Dr. Ona is a Nigerian, certified Smile Train surgeon, who was brought in by Smile Train to help Dr. Brown and his team perform the first surgeries a few months ago. He is based in Egunu State in Nigeria. “When Dr. Ona left and we had to do the surgery ourselves, there was such jubilation and we were so proud and happy, compared to when Dr. Ona was here because we managed without supervision. We put into practice what we learned and we realized we were going to have more and more of these patients. We felt that this was going to have a lot of impact on the lives of many people.

A young cleft patient waiting for surgery.

“Another benefit to Smile Train is the attention to safety. They donated a pulse oximeter and a cleft set, something we never had in the past. This will allow us to minimize risk. With the 21 or more surgeries we have done with these new kits, we did not have one complication. Of the 18 patients we operated on in the first week, we had only one cardiac arrest on the table but the patient was resuscitated and survived. Besides that, all other operations went well. Safety is one thing we are very, very cautious about.”

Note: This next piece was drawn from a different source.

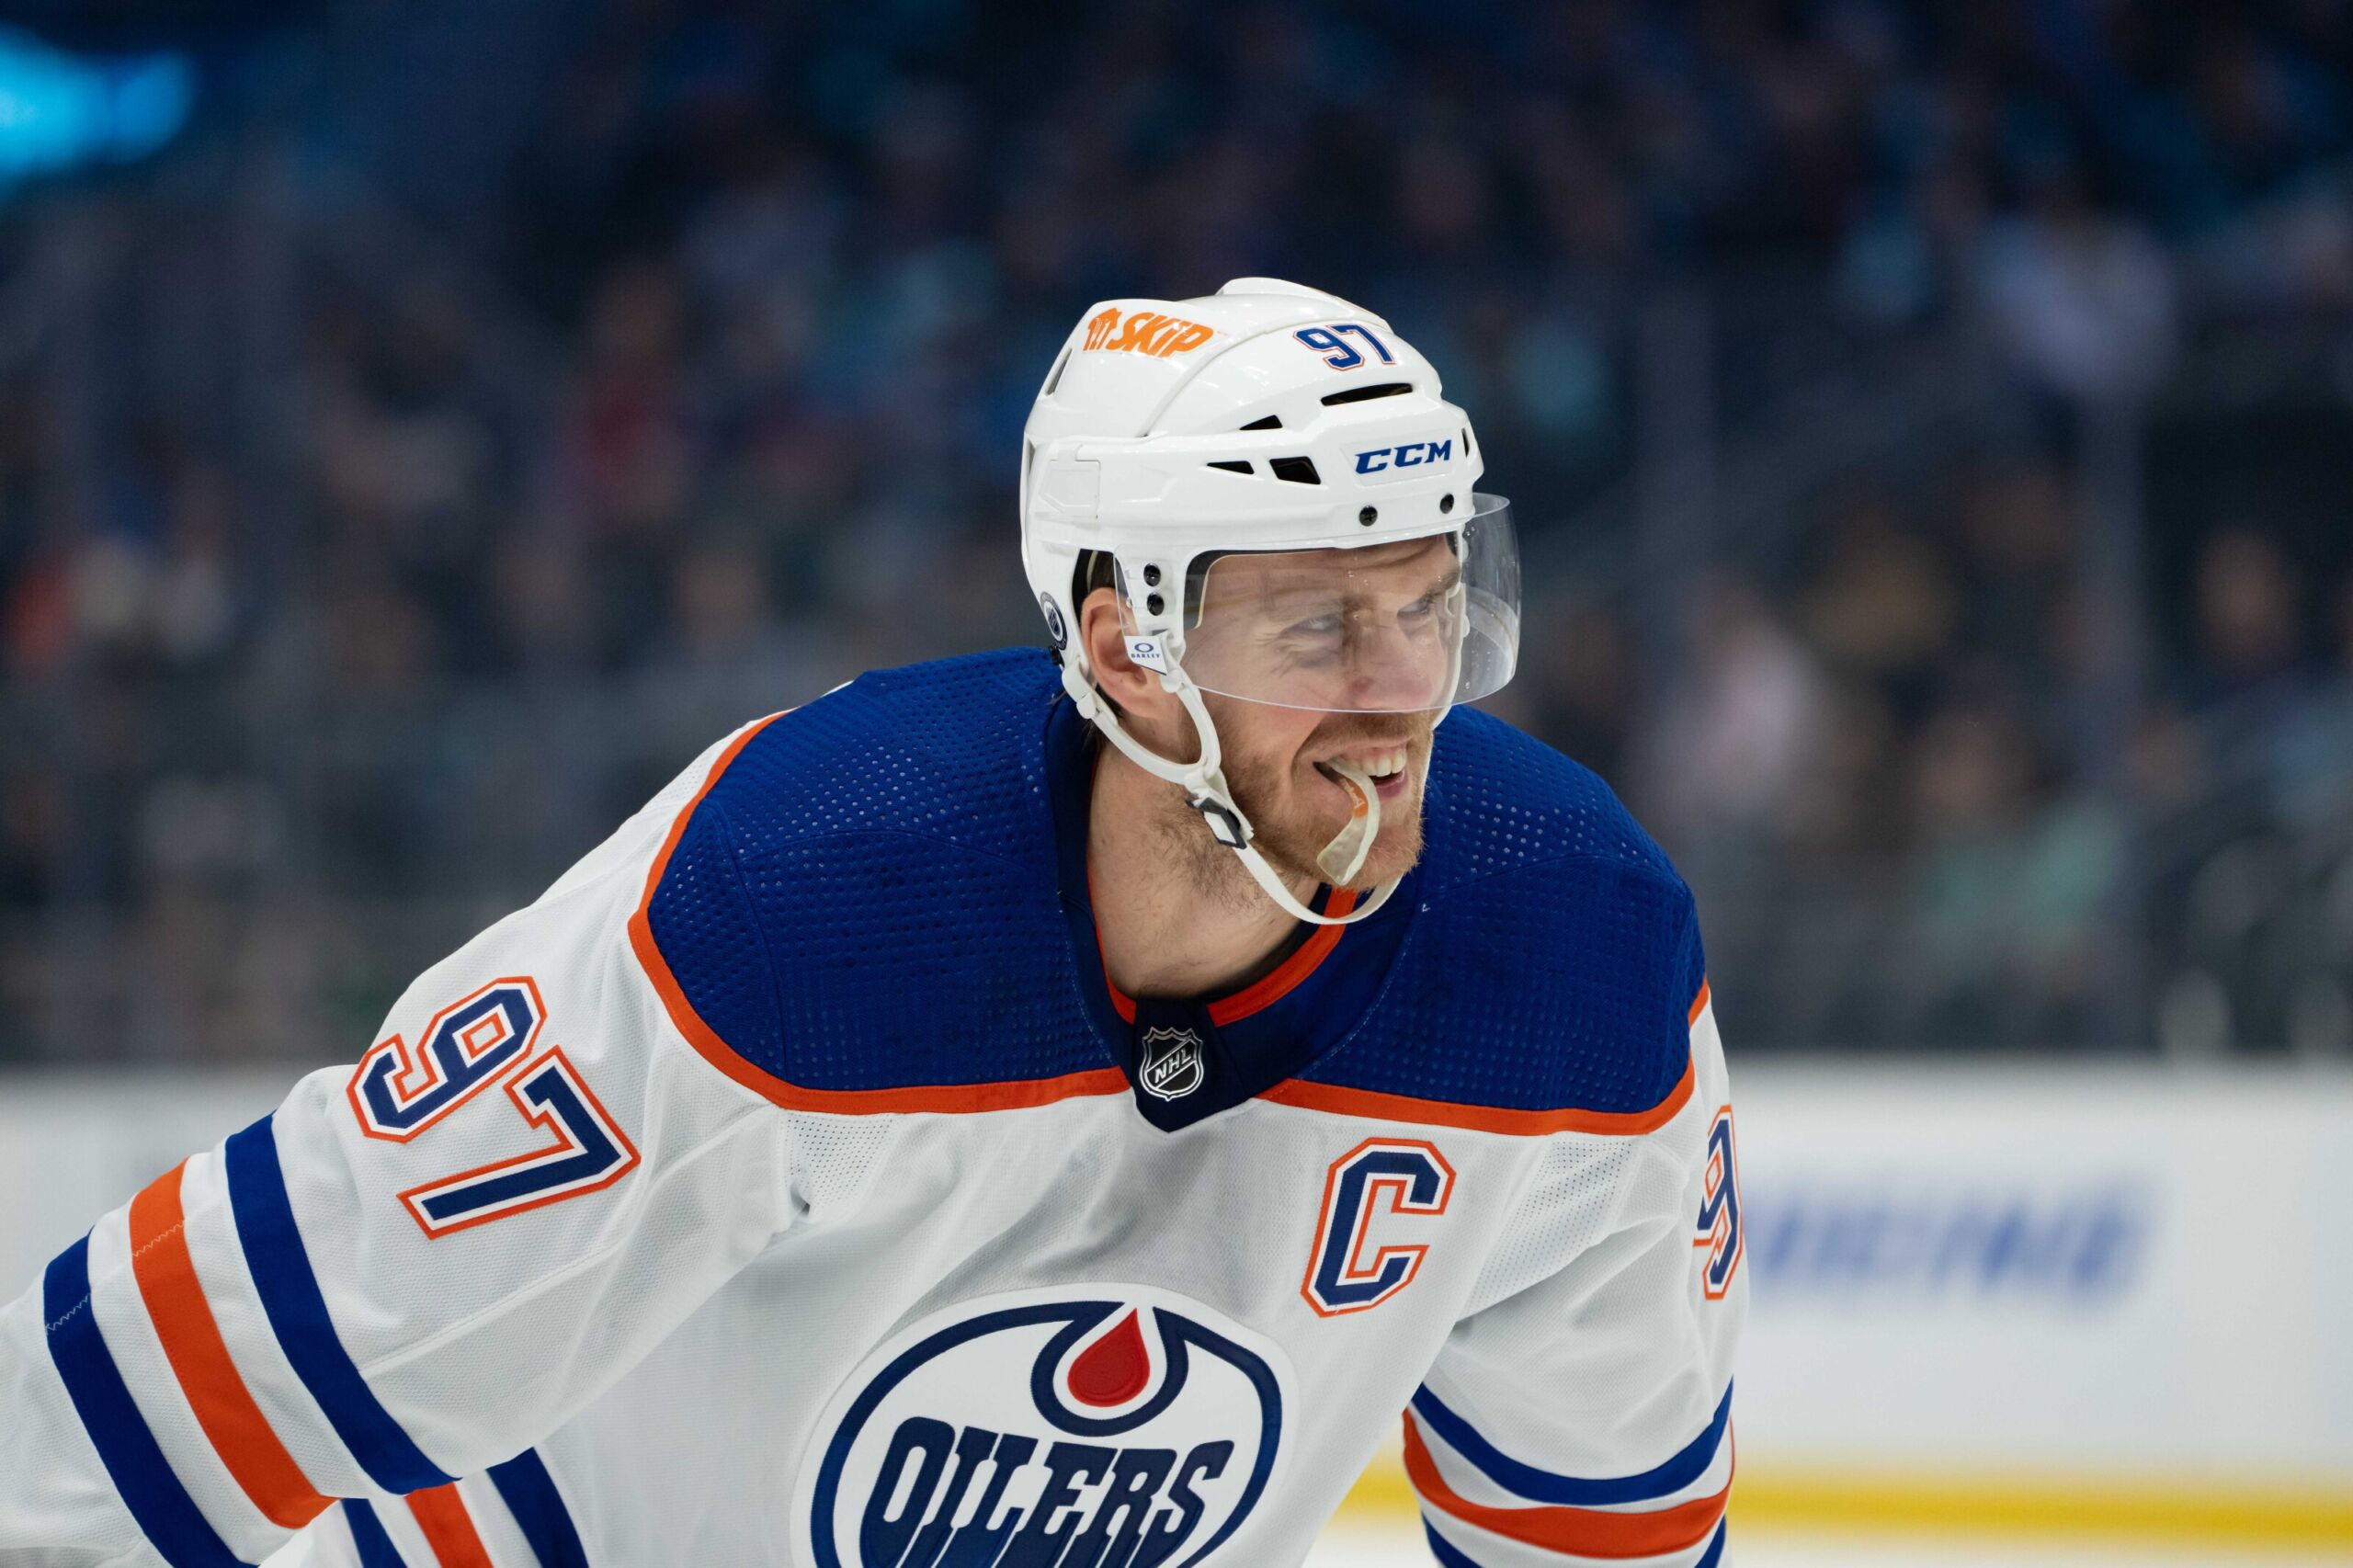 As Canadian as it gets': Connor McDavid's true feelings on Oilers

Because of Smile Train’s “Teach a man to fish” model, the training will not end with Dr. Brown. The idea is to identify more young surgeons and that, with time, the skills will be passed on, creating a long-lasting, sustainable system.

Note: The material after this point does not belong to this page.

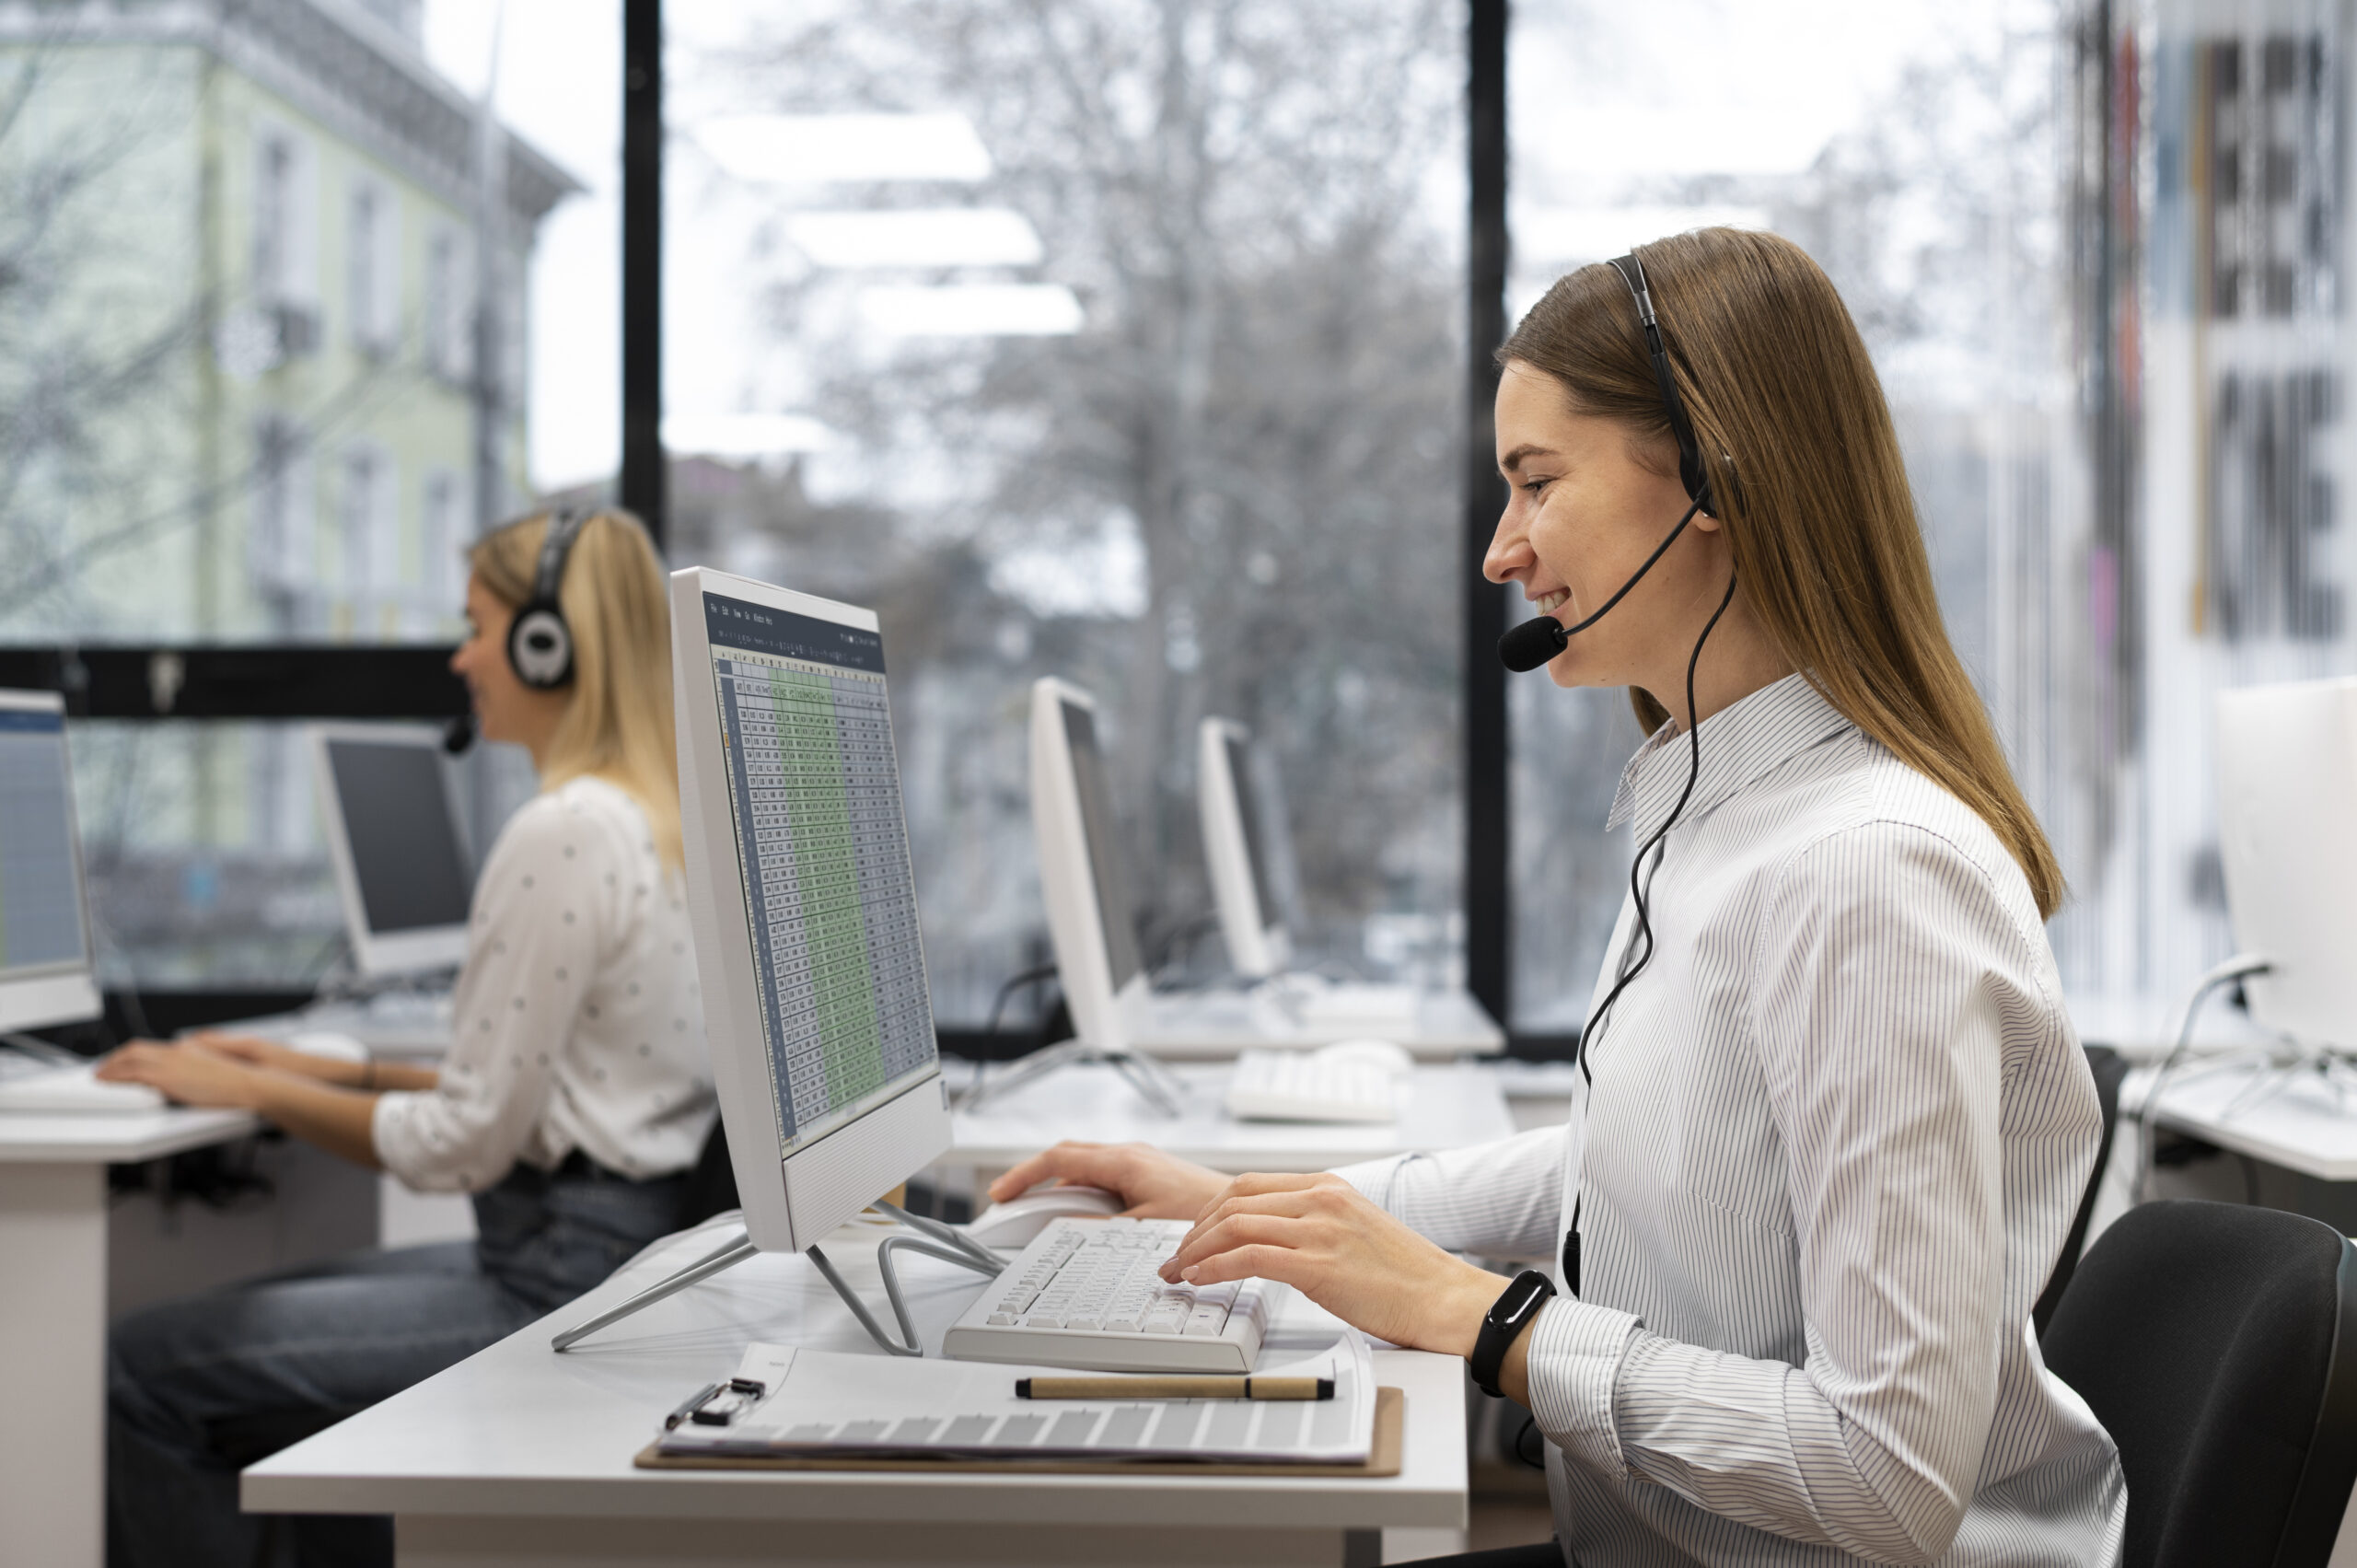 Call center training solutions

“Quite frankly, there are quite a few challenges we have in our country. One thing that hurts me is looking at the patients and having to tell them; you have to go to Nigeria, or to Ghana, or to another country to be treated. I look forward to a day, where we no longer have to refer people to hospitals in other countries for diagnosis and healthcare and can care for them ourselves. I look forward to a day where people are referred to Liberia instead. That is the healthcare system I hope we can build for the future, that is my dream and my prayer for Liberia.” Photos, interviews, and story: Stefano Levi. Text: Emily Young.

Two-year-old Abethel George with his mother, is waiting to receive palate surgery at the ELWA Hospital in Monrovia, Liberia.